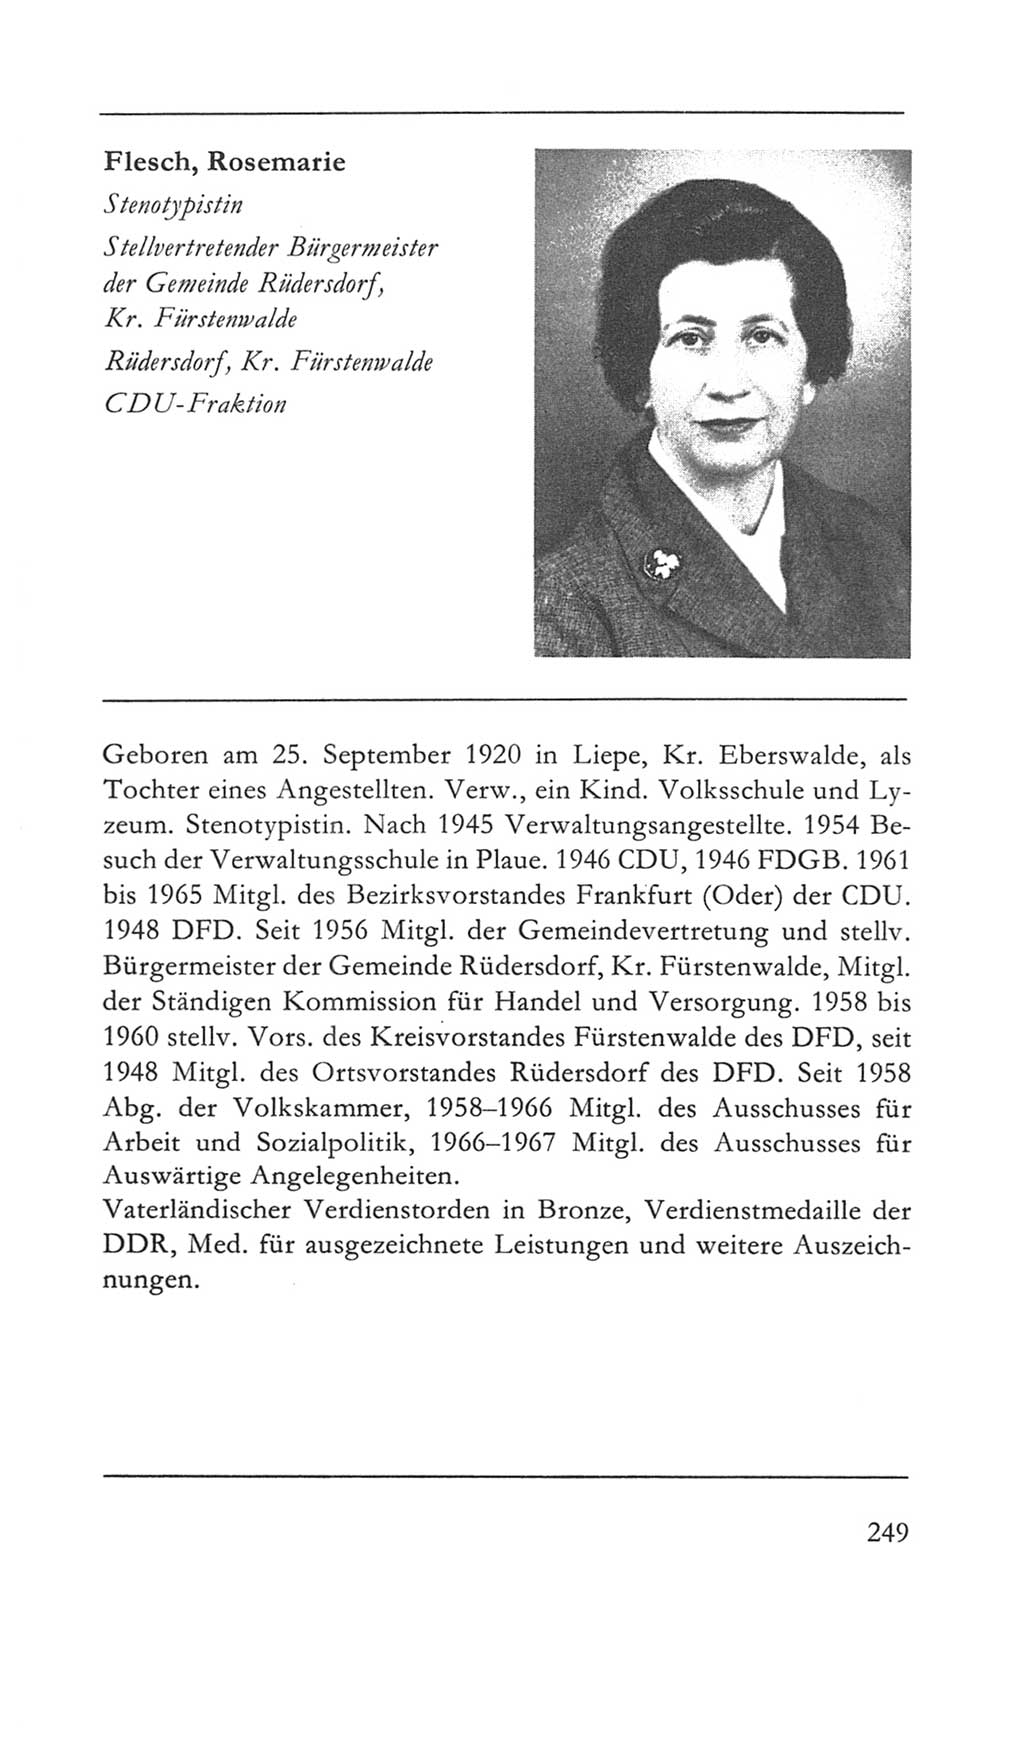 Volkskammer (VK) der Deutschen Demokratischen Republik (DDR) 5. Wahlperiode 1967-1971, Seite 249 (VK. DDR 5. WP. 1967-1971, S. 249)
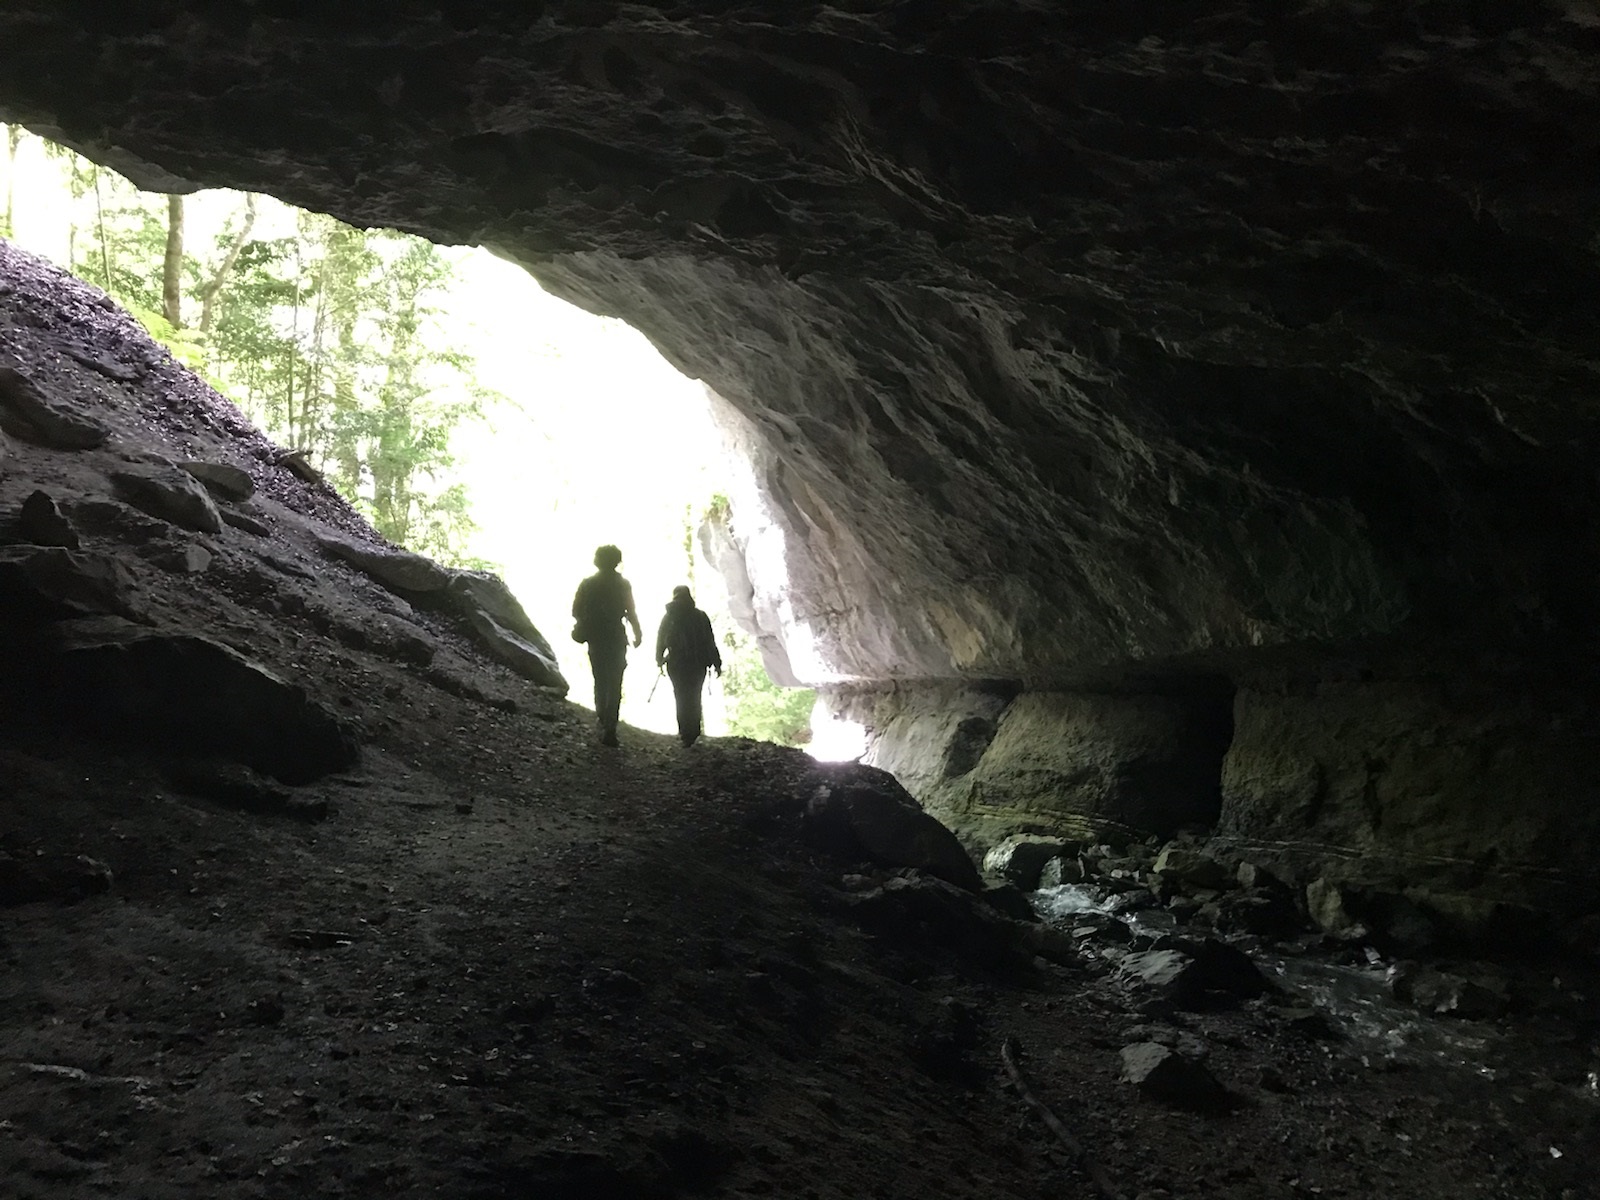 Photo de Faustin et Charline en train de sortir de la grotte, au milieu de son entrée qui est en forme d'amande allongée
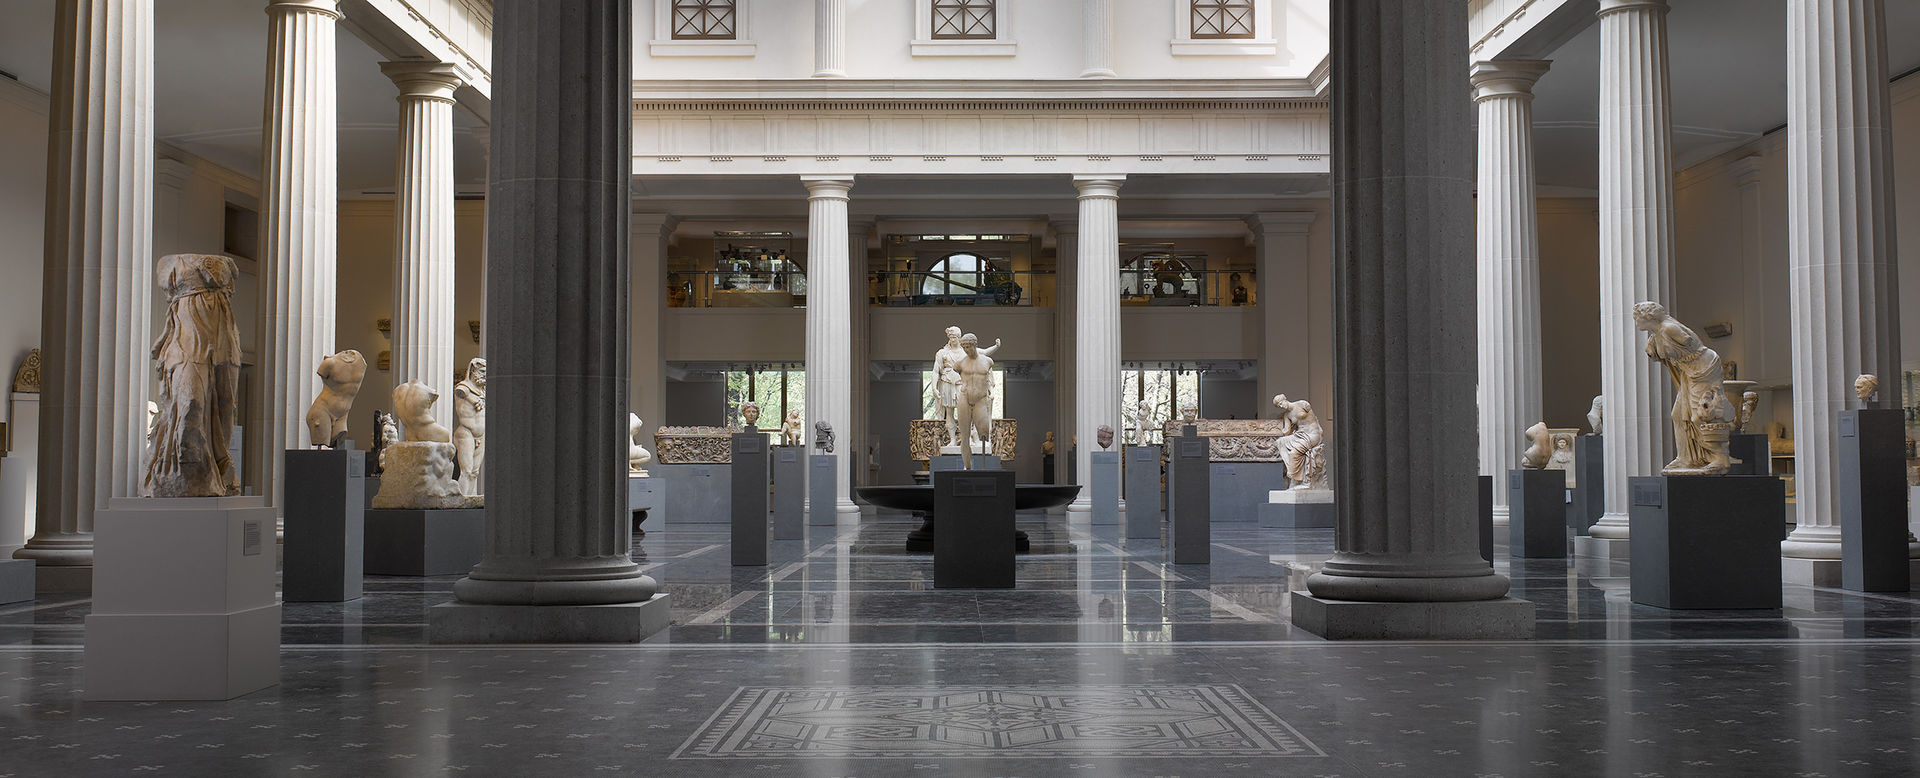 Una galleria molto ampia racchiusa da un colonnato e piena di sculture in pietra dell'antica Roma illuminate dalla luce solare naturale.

------------------------

THE TASK
Make an exact copy of the listing. Leave its pictures out.

RESPONSE TO THE TASK
 Volkskammer (VK) der Deutschen Demokratischen Republik (DDR) 5. Wahlperiode 1967-1971, Seite 249 (VK. DDR 5. WP. 1967-1971, S. 249)
 Photo de Faustin et Charline en train de sortir de la grotte, au milieu de son entrée qui est en forme d'amande allongée
 Una galleria molto ampia racchiusa da un colonnato e piena di sculture in pietra dell'antica Roma illuminate dalla luce solare naturale.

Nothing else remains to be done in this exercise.